Arctic Now at Warmest Temperature in 2000 Years
It's got to be getting harder and harder to be a climate change skeptic these days. Just look at the Arctic. We already knew the Arctic was melting much faster than even scientists had predicted, and now we know this: humans have effectively reversed a cooling trend with greenhouse gas emissions, and the Arctic has reached the warmest temperature it's seen in 2000 years. Comprehensive new research detailed by the BBC reveals that "Arctic temperatures are now higher than at any time in the last 2,000 years." Scientists took measurements from tree rings, ice cores, and lake sediments from 23 different sites, which confirmed that "Changes to the Earth's orbit drove centuries of cooling, but temperatures rose fast in the last 100 years as human greenhouse gas emissions rose."

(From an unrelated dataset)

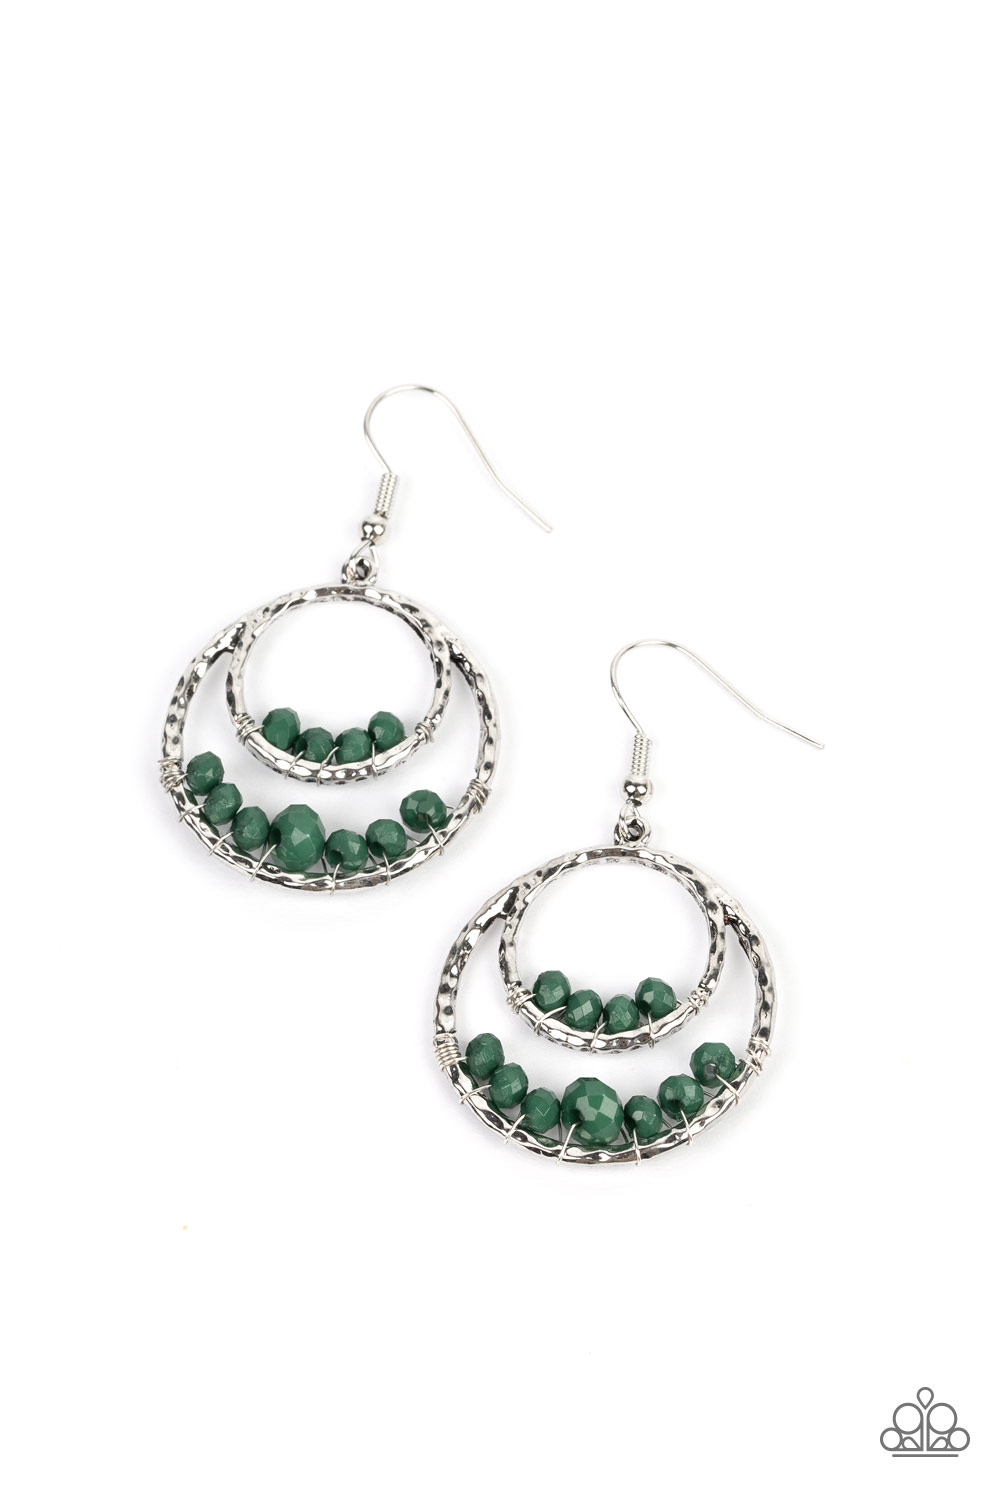 Earring - Bustling Beads - Green

Which is troubling to say the least. The research finds that over the last 1,900 years, the Earth has undergone a steady cooling, which should have continued throughout the 20th century. Instead, greenhouse gases emitted by humans have caused a drastic uptick, forming the "hockey stick" you see on the graph below.

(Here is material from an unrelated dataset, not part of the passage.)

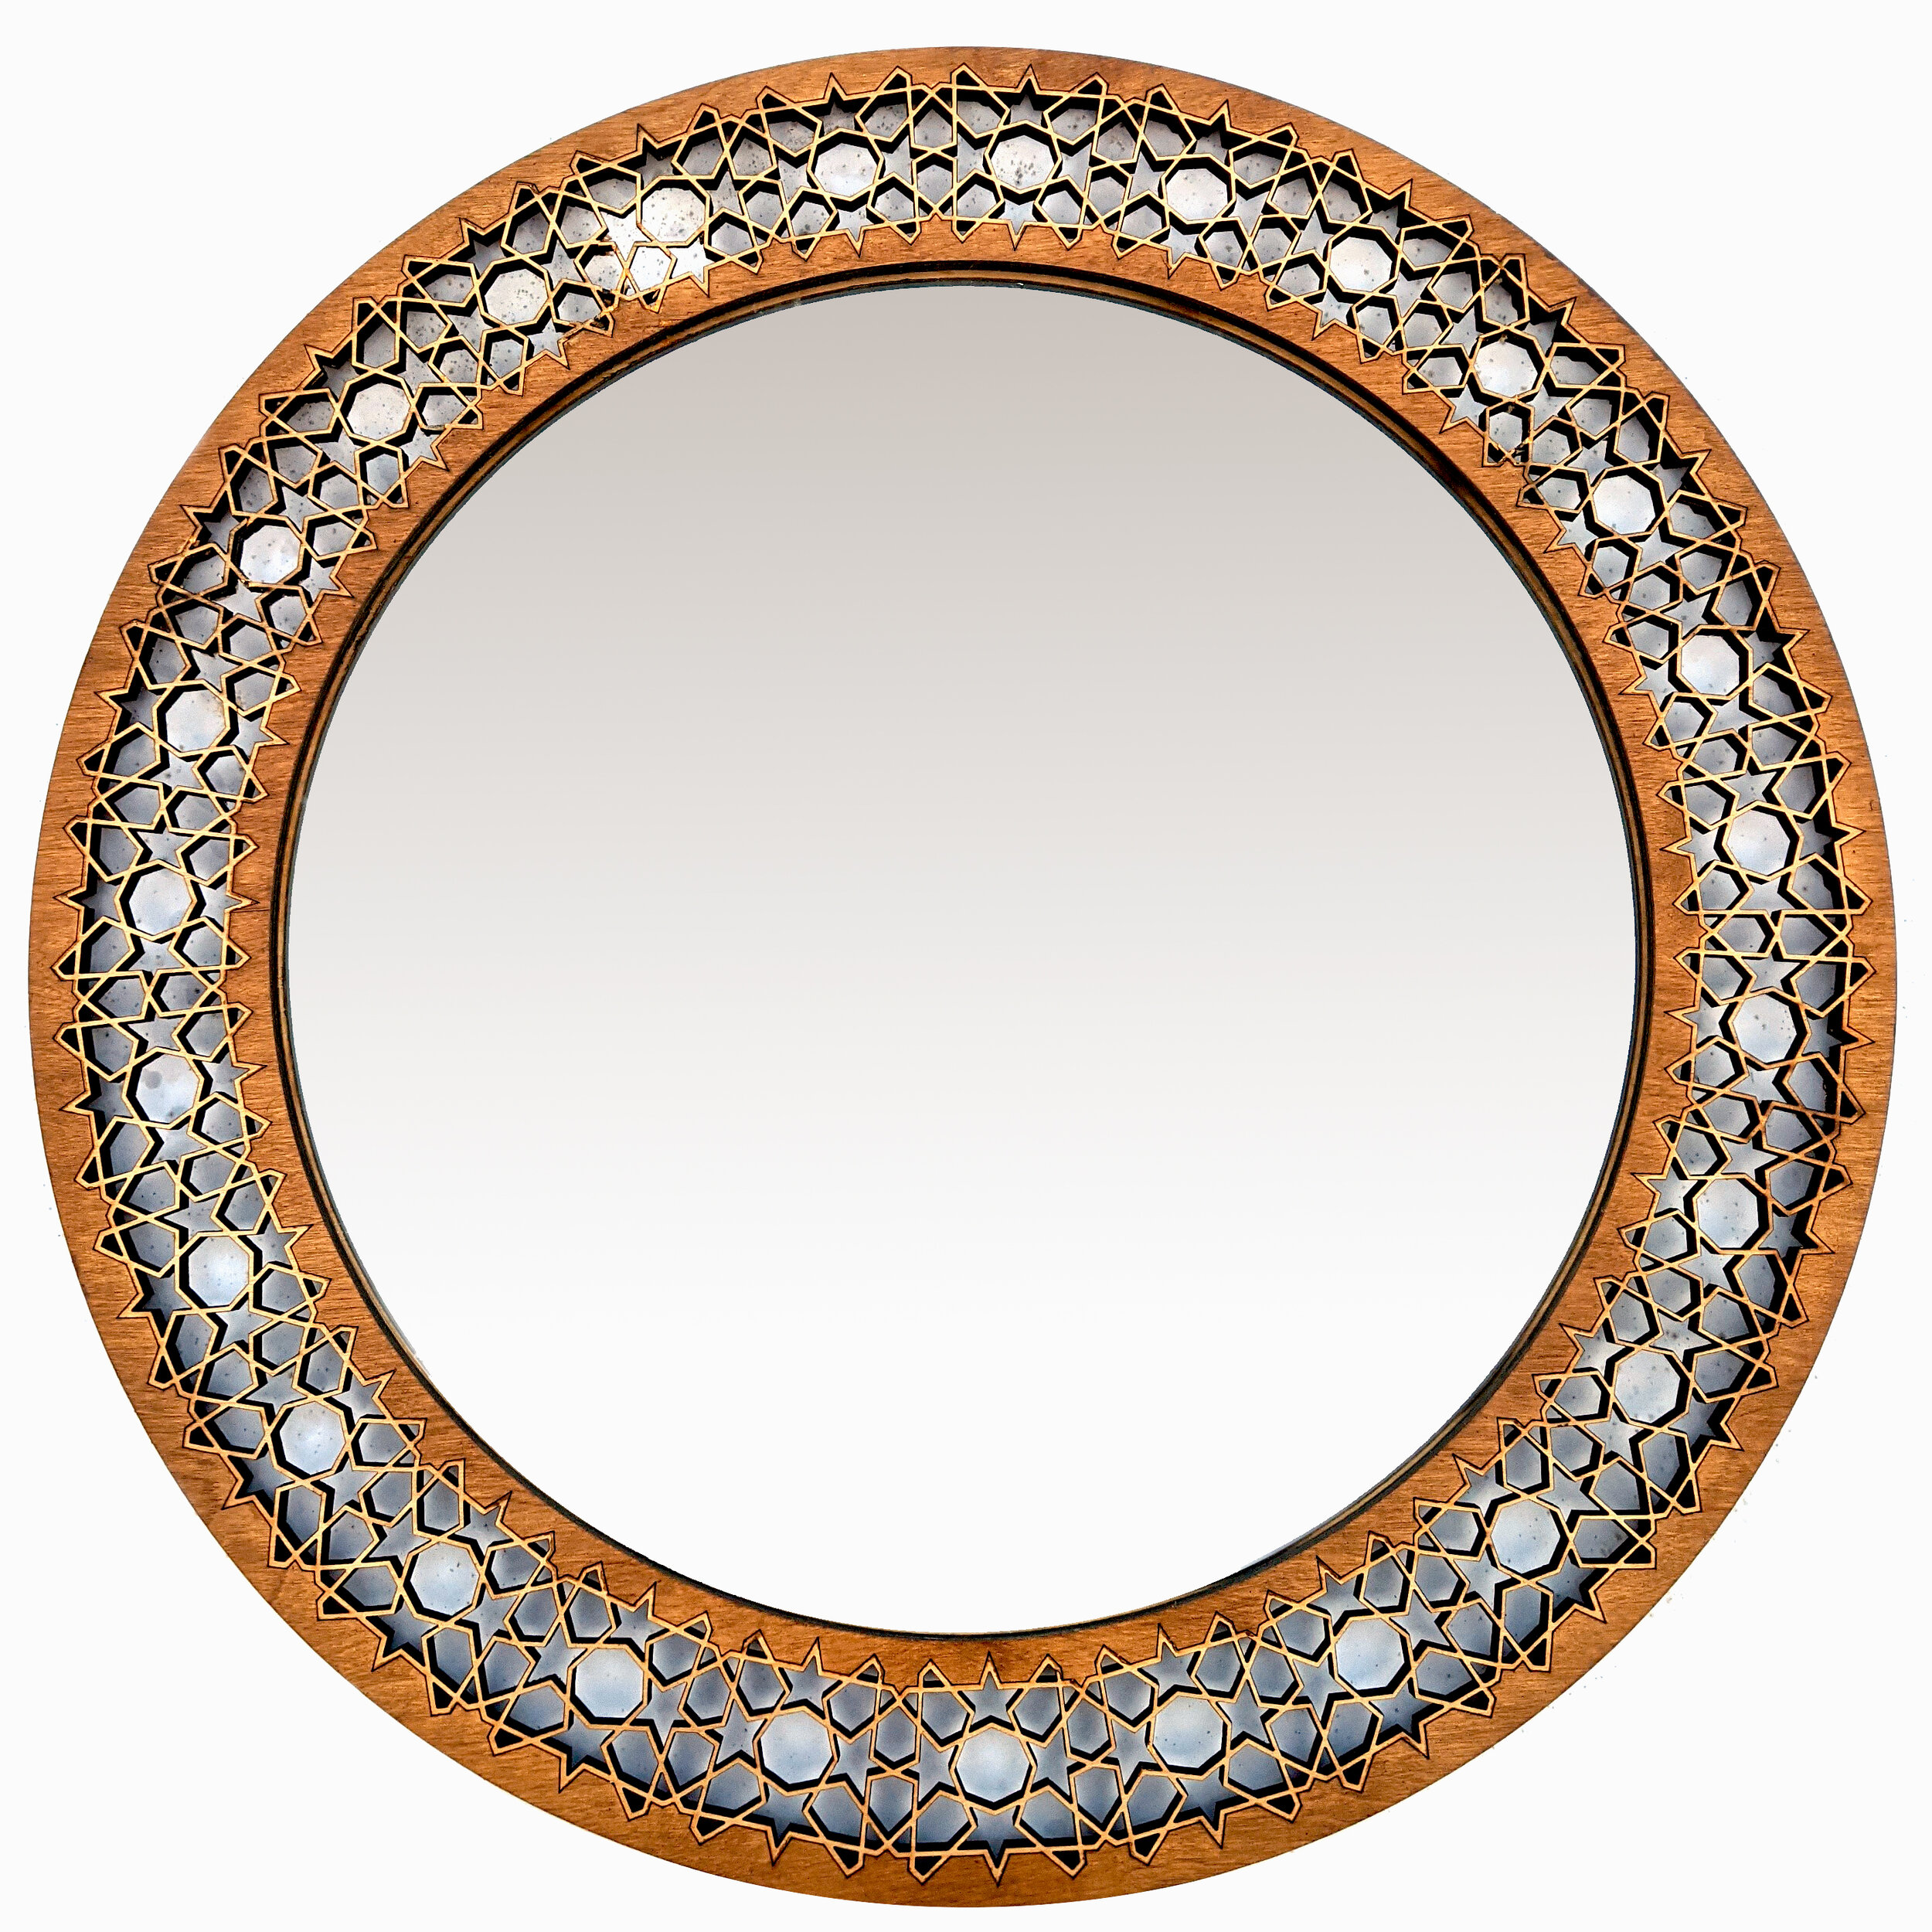 Round wooden mirror frames by Surrey Woodsmiths.jpg

Research found that the Arctic region cooled at a rate of 0.2 degrees Celsius per millennium until around 1900, when warming took over--and it's warmed up 1.2 Degrees C since then. Worse, the last ten years have seen an especially alarming spike, with warming increasing at a more rapid rate.

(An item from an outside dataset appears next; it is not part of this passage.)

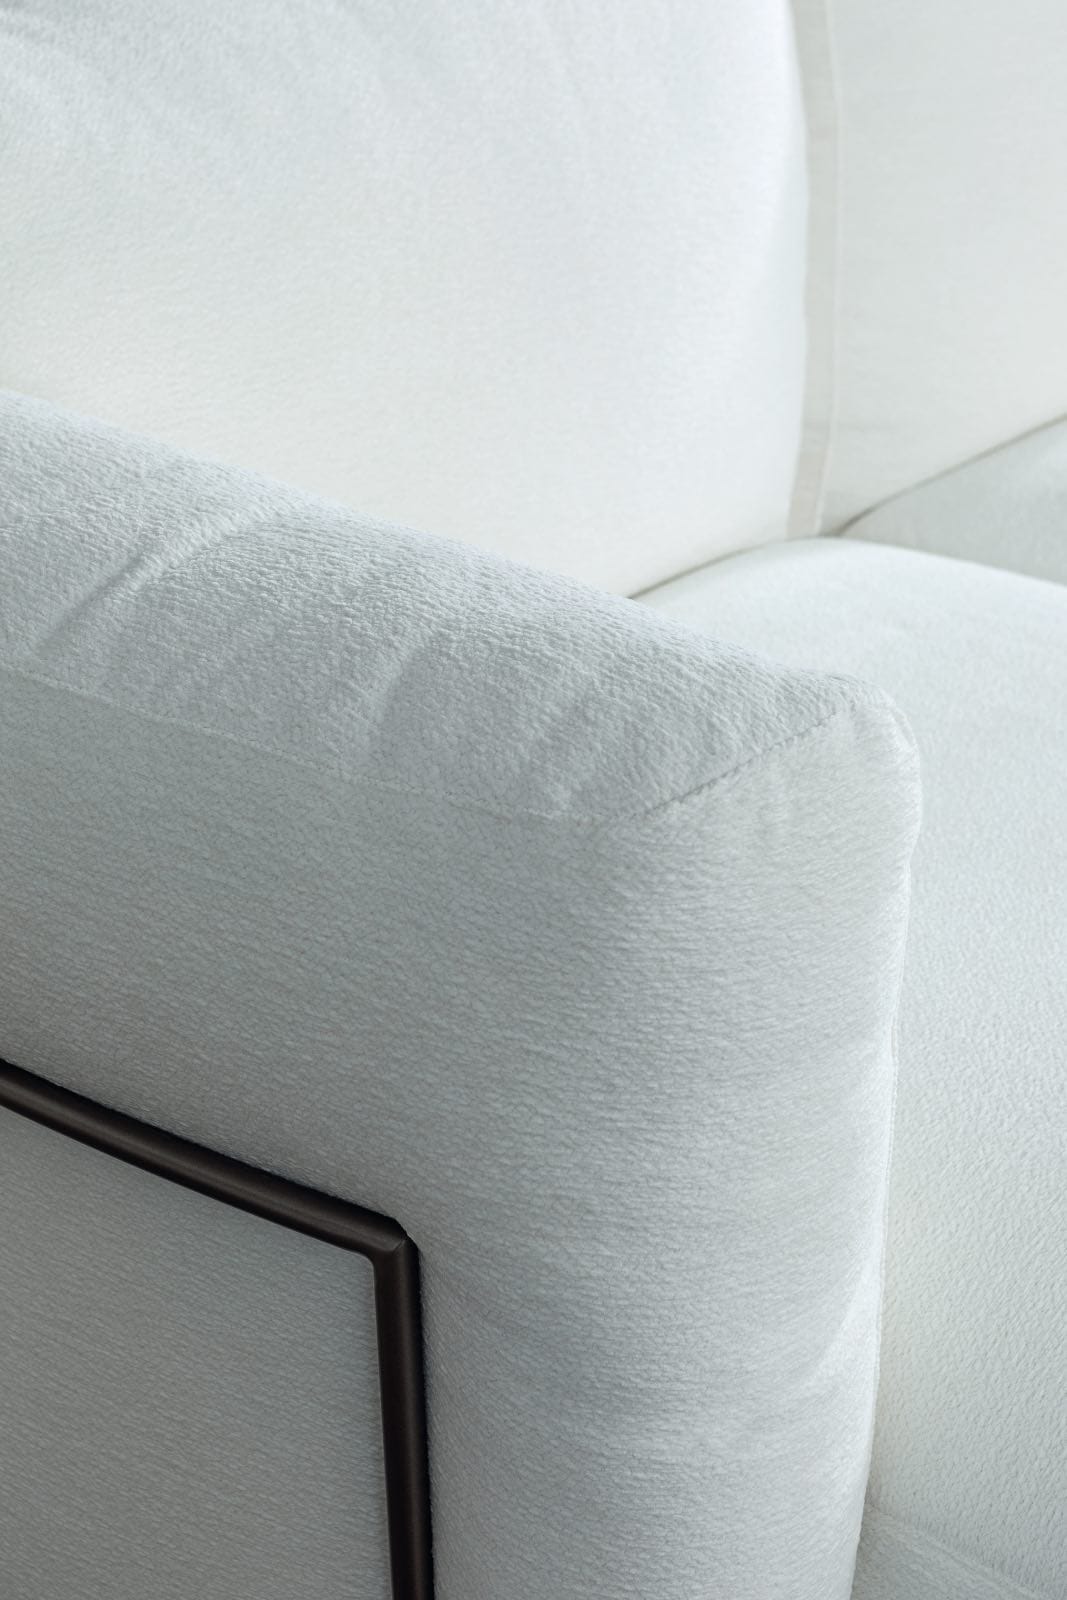 detalle de sofá modular blanco de diseño

The study attributes the once slow cooling to an "Arctic wobble," an orbital wobble that slowly changes the month in which the Earth is closest to the sun over thousands of years. That "wobble" decreased the amount of solar energy that reached the Arctic in summer, until global warming began. Which underlines a very important point:
"The 20th Century is the first century for which how much energy we're getting from the Sun is no longer the most important thing governing the temperature of the Arctic," said [a member] of the study team, Nicholas McKay from the University of Arizona.Now, the most prominent factor that decides the temperature of the Arctic is, you guessed it: us.